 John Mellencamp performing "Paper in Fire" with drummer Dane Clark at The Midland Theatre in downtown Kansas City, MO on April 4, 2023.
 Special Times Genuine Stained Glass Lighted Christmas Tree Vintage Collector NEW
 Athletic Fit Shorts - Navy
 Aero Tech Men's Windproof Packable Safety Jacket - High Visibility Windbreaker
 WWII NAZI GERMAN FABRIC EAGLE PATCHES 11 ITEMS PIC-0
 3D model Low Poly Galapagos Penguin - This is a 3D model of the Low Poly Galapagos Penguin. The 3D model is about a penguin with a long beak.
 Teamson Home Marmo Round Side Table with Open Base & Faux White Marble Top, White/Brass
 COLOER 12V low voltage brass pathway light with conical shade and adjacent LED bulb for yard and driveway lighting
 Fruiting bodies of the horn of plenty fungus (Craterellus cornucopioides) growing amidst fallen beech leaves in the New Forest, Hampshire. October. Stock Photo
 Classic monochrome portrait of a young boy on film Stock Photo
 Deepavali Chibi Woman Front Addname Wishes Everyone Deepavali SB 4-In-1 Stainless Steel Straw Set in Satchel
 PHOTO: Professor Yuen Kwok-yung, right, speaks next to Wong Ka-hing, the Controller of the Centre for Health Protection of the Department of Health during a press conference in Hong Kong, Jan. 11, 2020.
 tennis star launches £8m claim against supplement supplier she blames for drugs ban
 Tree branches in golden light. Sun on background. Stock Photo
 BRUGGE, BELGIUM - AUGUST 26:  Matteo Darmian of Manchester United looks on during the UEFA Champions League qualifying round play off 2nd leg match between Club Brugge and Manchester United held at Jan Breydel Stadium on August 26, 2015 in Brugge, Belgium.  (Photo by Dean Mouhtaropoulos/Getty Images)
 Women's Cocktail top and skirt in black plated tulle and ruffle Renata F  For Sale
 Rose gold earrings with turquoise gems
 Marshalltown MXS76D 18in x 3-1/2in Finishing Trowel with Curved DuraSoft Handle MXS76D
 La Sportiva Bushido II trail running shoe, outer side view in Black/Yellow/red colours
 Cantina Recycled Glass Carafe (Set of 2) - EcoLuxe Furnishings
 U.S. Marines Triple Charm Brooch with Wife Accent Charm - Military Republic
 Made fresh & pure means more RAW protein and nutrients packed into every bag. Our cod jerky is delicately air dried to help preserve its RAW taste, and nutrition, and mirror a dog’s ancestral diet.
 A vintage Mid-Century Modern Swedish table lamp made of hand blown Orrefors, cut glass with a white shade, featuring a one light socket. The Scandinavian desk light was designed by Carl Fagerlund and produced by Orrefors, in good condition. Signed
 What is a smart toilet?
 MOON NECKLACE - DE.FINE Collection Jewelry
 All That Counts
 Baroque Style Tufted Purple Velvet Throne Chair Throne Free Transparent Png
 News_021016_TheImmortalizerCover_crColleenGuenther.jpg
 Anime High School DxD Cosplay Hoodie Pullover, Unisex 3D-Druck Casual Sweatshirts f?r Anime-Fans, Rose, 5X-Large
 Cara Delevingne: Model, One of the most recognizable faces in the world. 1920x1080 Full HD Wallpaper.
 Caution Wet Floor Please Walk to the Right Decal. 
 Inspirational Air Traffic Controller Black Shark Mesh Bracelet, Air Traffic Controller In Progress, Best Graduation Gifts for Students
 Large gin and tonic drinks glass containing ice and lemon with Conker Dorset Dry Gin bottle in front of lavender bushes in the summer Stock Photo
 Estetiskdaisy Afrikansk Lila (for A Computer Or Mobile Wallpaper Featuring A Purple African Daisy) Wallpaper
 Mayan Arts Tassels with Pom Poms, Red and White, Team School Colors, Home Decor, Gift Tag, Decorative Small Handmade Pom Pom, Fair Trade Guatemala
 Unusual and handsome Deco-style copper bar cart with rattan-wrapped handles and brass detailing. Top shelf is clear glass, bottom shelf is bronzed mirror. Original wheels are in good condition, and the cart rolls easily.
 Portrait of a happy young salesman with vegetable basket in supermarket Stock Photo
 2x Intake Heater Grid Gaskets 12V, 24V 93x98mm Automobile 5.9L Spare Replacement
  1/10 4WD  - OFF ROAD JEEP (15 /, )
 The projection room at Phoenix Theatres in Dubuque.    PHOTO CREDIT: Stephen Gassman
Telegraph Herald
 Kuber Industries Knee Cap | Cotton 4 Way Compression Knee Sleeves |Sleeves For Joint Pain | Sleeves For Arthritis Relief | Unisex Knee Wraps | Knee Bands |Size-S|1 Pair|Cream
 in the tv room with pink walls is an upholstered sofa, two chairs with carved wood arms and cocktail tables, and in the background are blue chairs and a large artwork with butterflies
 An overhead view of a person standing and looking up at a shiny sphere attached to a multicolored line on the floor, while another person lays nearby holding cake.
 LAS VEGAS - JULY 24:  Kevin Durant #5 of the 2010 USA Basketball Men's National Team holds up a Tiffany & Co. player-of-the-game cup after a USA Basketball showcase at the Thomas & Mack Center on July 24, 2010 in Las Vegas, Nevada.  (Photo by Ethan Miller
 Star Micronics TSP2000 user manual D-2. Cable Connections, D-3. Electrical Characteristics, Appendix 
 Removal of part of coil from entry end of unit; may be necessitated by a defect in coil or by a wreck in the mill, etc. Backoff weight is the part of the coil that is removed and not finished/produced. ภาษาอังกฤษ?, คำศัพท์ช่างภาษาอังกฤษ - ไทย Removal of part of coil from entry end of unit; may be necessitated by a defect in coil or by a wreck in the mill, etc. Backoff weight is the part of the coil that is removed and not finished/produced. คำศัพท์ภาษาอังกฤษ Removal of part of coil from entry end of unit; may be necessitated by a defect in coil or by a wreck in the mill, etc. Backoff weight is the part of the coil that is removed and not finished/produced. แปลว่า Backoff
◆ ◆ ◆ ◆ ◆ ◆ ◆
_What you will do_. Give the listing again, word for word.

_Output_.
 John Mellencamp performing "Paper in Fire" with drummer Dane Clark at The Midland Theatre in downtown Kansas City, MO on April 4, 2023.
 Special Times Genuine Stained Glass Lighted Christmas Tree Vintage Collector NEW
 Athletic Fit Shorts - Navy
 Aero Tech Men's Windproof Packable Safety Jacket - High Visibility Windbreaker
 WWII NAZI GERMAN FABRIC EAGLE PATCHES 11 ITEMS PIC-0
 3D model Low Poly Galapagos Penguin - This is a 3D model of the Low Poly Galapagos Penguin. The 3D model is about a penguin with a long beak.
 Teamson Home Marmo Round Side Table with Open Base & Faux White Marble Top, White/Brass
 COLOER 12V low voltage brass pathway light with conical shade and adjacent LED bulb for yard and driveway lighting
 Fruiting bodies of the horn of plenty fungus (Craterellus cornucopioides) growing amidst fallen beech leaves in the New Forest, Hampshire. October. Stock Photo
 Classic monochrome portrait of a young boy on film Stock Photo
 Deepavali Chibi Woman Front Addname Wishes Everyone Deepavali SB 4-In-1 Stainless Steel Straw Set in Satchel
 PHOTO: Professor Yuen Kwok-yung, right, speaks next to Wong Ka-hing, the Controller of the Centre for Health Protection of the Department of Health during a press conference in Hong Kong, Jan. 11, 2020.
 tennis star launches £8m claim against supplement supplier she blames for drugs ban
 Tree branches in golden light. Sun on background. Stock Photo
 BRUGGE, BELGIUM - AUGUST 26:  Matteo Darmian of Manchester United looks on during the UEFA Champions League qualifying round play off 2nd leg match between Club Brugge and Manchester United held at Jan Breydel Stadium on August 26, 2015 in Brugge, Belgium.  (Photo by Dean Mouhtaropoulos/Getty Images)
 Women's Cocktail top and skirt in black plated tulle and ruffle Renata F  For Sale
 Rose gold earrings with turquoise gems
 Marshalltown MXS76D 18in x 3-1/2in Finishing Trowel with Curved DuraSoft Handle MXS76D
 La Sportiva Bushido II trail running shoe, outer side view in Black/Yellow/red colours
 Cantina Recycled Glass Carafe (Set of 2) - EcoLuxe Furnishings
 U.S. Marines Triple Charm Brooch with Wife Accent Charm - Military Republic
 Made fresh & pure means more RAW protein and nutrients packed into every bag. Our cod jerky is delicately air dried to help preserve its RAW taste, and nutrition, and mirror a dog’s ancestral diet.
 A vintage Mid-Century Modern Swedish table lamp made of hand blown Orrefors, cut glass with a white shade, featuring a one light socket. The Scandinavian desk light was designed by Carl Fagerlund and produced by Orrefors, in good condition. Signed
 What is a smart toilet?
 MOON NECKLACE - DE.FINE Collection Jewelry
 All That Counts
 Baroque Style Tufted Purple Velvet Throne Chair Throne Free Transparent Png
 News_021016_TheImmortalizerCover_crColleenGuenther.jpg
 Anime High School DxD Cosplay Hoodie Pullover, Unisex 3D-Druck Casual Sweatshirts f?r Anime-Fans, Rose, 5X-Large
 Cara Delevingne: Model, One of the most recognizable faces in the world. 1920x1080 Full HD Wallpaper.
 Caution Wet Floor Please Walk to the Right Decal. 
 Inspirational Air Traffic Controller Black Shark Mesh Bracelet, Air Traffic Controller In Progress, Best Graduation Gifts for Students
 Large gin and tonic drinks glass containing ice and lemon with Conker Dorset Dry Gin bottle in front of lavender bushes in the summer Stock Photo
 Estetiskdaisy Afrikansk Lila (for A Computer Or Mobile Wallpaper Featuring A Purple African Daisy) Wallpaper
 Mayan Arts Tassels with Pom Poms, Red and White, Team School Colors, Home Decor, Gift Tag, Decorative Small Handmade Pom Pom, Fair Trade Guatemala
 Unusual and handsome Deco-style copper bar cart with rattan-wrapped handles and brass detailing. Top shelf is clear glass, bottom shelf is bronzed mirror. Original wheels are in good condition, and the cart rolls easily.
 Portrait of a happy young salesman with vegetable basket in supermarket Stock Photo
 2x Intake Heater Grid Gaskets 12V, 24V 93x98mm Automobile 5.9L Spare Replacement
  1/10 4WD  - OFF ROAD JEEP (15 /, )
 The projection room at Phoenix Theatres in Dubuque.    PHOTO CREDIT: Stephen Gassman
Telegraph Herald
 Kuber Industries Knee Cap | Cotton 4 Way Compression Knee Sleeves |Sleeves For Joint Pain | Sleeves For Arthritis Relief | Unisex Knee Wraps | Knee Bands |Size-S|1 Pair|Cream
 in the tv room with pink walls is an upholstered sofa, two chairs with carved wood arms and cocktail tables, and in the background are blue chairs and a large artwork with butterflies
 An overhead view of a person standing and looking up at a shiny sphere attached to a multicolored line on the floor, while another person lays nearby holding cake.
 LAS VEGAS - JULY 24:  Kevin Durant #5 of the 2010 USA Basketball Men's National Team holds up a Tiffany & Co. player-of-the-game cup after a USA Basketball showcase at the Thomas & Mack Center on July 24, 2010 in Las Vegas, Nevada.  (Photo by Ethan Miller
 Star Micronics TSP2000 user manual D-2. Cable Connections, D-3. Electrical Characteristics, Appendix 
 Removal of part of coil from entry end of unit; may be necessitated by a defect in coil or by a wreck in the mill, etc. Backoff weight is the part of the coil that is removed and not finished/produced. ภาษาอังกฤษ?, คำศัพท์ช่างภาษาอังกฤษ - ไทย Removal of part of coil from entry end of unit; may be necessitated by a defect in coil or by a wreck in the mill, etc. Backoff weight is the part of the coil that is removed and not finished/produced. คำศัพท์ภาษาอังกฤษ Removal of part of coil from entry end of unit; may be necessitated by a defect in coil or by a wreck in the mill, etc. Backoff weight is the part of the coil that is removed and not finished/produced. แปลว่า Backoff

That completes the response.